### Work to complete
Below is some data. Retype exactly the lines starting at the one with "Shop Nimbus Grey Casual Jogger Pants-Design" and ending at the one with "Ritratto di donna".

### Data supplied

####

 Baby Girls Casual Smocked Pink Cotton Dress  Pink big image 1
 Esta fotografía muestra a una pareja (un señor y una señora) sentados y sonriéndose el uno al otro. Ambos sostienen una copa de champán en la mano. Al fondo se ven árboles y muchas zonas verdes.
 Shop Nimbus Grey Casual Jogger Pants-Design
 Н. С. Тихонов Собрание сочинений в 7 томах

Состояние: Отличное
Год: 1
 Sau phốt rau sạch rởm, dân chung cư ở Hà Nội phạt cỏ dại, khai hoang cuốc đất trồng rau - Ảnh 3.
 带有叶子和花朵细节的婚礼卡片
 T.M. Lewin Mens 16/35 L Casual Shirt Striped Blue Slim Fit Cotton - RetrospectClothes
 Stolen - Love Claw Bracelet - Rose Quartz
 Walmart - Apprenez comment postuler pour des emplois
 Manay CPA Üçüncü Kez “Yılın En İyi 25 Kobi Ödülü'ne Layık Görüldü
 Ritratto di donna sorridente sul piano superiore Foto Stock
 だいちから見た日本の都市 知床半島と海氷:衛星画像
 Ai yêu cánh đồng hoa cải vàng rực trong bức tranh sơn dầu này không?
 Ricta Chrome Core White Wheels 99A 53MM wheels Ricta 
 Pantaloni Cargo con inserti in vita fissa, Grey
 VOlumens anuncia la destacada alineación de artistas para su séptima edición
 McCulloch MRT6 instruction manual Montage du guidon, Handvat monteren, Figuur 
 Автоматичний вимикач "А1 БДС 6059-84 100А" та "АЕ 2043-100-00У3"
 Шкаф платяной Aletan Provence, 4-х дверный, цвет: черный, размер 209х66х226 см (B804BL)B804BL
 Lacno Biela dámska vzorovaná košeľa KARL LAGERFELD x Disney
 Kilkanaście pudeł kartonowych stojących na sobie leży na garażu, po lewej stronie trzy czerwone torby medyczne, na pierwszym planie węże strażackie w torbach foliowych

####

### Answer box
 Shop Nimbus Grey Casual Jogger Pants-Design
 Н. С. Тихонов Собрание сочинений в 7 томах

Состояние: Отличное
Год: 1
 Sau phốt rau sạch rởm, dân chung cư ở Hà Nội phạt cỏ dại, khai hoang cuốc đất trồng rau - Ảnh 3.
 带有叶子和花朵细节的婚礼卡片
 T.M. Lewin Mens 16/35 L Casual Shirt Striped Blue Slim Fit Cotton - RetrospectClothes
 Stolen - Love Claw Bracelet - Rose Quartz
 Walmart - Apprenez comment postuler pour des emplois
 Manay CPA Üçüncü Kez “Yılın En İyi 25 Kobi Ödülü'ne Layık Görüldü
 Ritratto di donna sorridente sul piano superiore Foto Stock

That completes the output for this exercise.